For example, when low-speed injection (speed V _L ) is performed, the pressure member 423 is driven by the low-speed / pressure-increasing electric motor 609, and at this time, the pressure member 423 is behind the piston 21 as illustrated. Press directly.

  At this time, the high-speed electric motor 607 is separated from the piston 21. For example, a general clutch 608 is interposed between the pinion 37 (FIG. 1) and the high-speed electric motor 607, and the clutch 608 is in a disconnected state. Further, as in the above-described embodiment, the liquid is replenished behind the piston 21.

When performing high-speed injection (speed V _H ), the high-speed electric motor 607 is driven and the clutch 608 is brought into a coupled state. At this time, the pressure member 423 is left behind the piston 21 and is separated from the piston 21.

When the pressure is increased (pressure P _H ), the liquid behind the piston 21 is pressurized by the pressurizing member 423 as in the above-described embodiment.

  Thus, even if the pressurizing member 423 includes the step of directly pressing the piston 21, the liquid is used to connect and release the piston 21 and the pressurizing member 423, thereby switching the motor. Can be suitably performed.

  In the seventh embodiment shown in FIG. 5 (d), the first member 721 (corresponding to a piston) that is linearly driven by the injection motor 7 and the pressure-increasing motor 9 are used, as in the above-described embodiment. The second member 723 (corresponding to a pressure member) driven linearly is connected and released. However, the coupling mechanism 711 that performs the coupling operation does not use liquid.

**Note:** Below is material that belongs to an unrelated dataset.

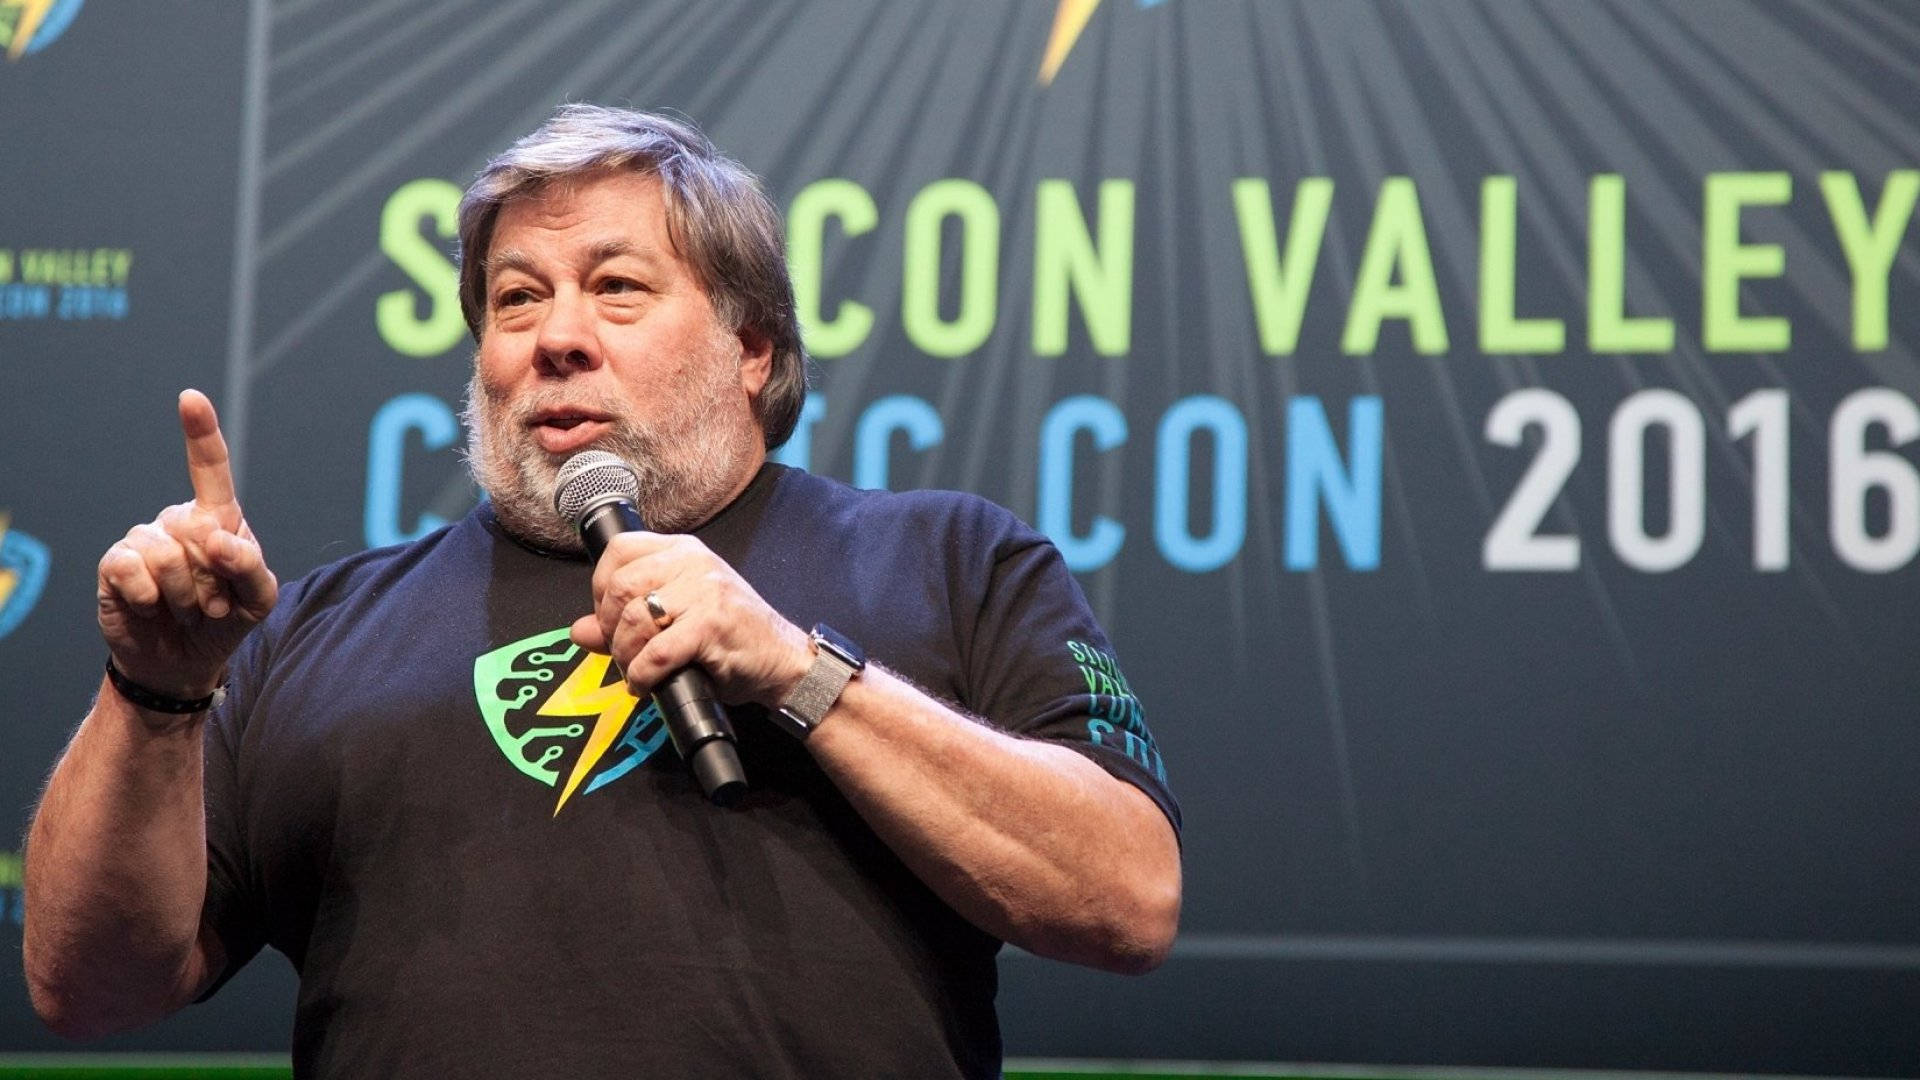 Stevewozniak En Silicon Valley Comic Con 2016 Fondo de pantalla
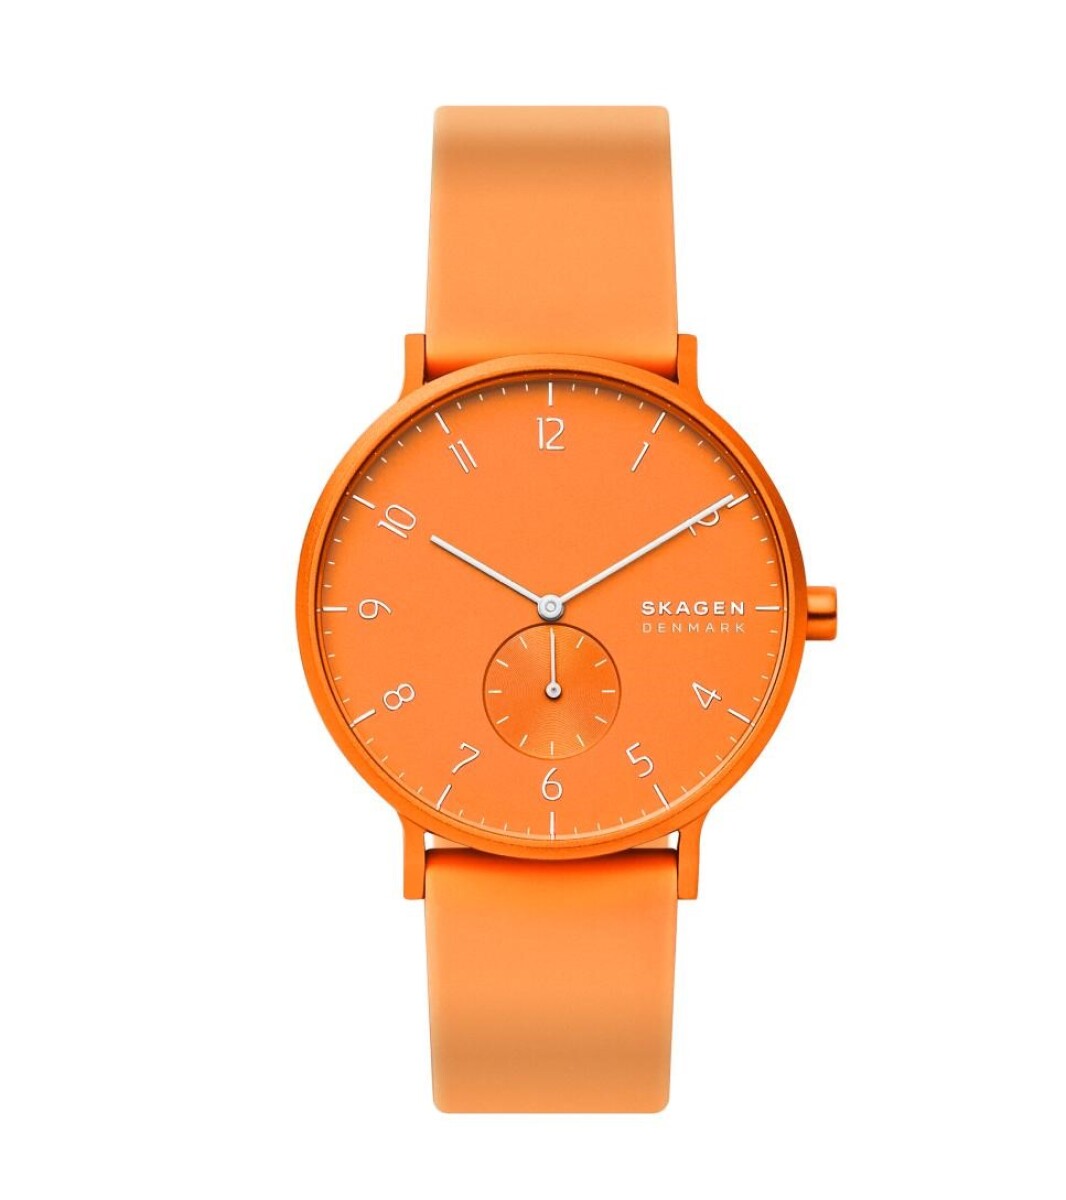 Reloj Skagen Deportivo/Fashion Silicona Naranja Neon

  For example, the coupling mechanism 711 is a one-way clutch configured by developing a ratchet mechanism linearly. Then, relative advancement of the first member 721 relative to the second member 723 is allowed, and relative advancement of the second member 723 relative to the first member 721 is restricted.

  Even in such a configuration, similarly to the first embodiment, the driving force of the injection motor 7 is transmitted to the first member 721, and the first member 721 is moved forward relative to the second member 723. While performing low-speed injection and high-speed injection, the driving force of the pressure-increasing electric motor 9 is transmitted to the second member 723, and the pressure can be increased while restricting the relative advance of the second member 723 relative to the first member 721. . That is, the switching between the injection motor 7 and the pressure-increasing motor 9 can be suitably performed.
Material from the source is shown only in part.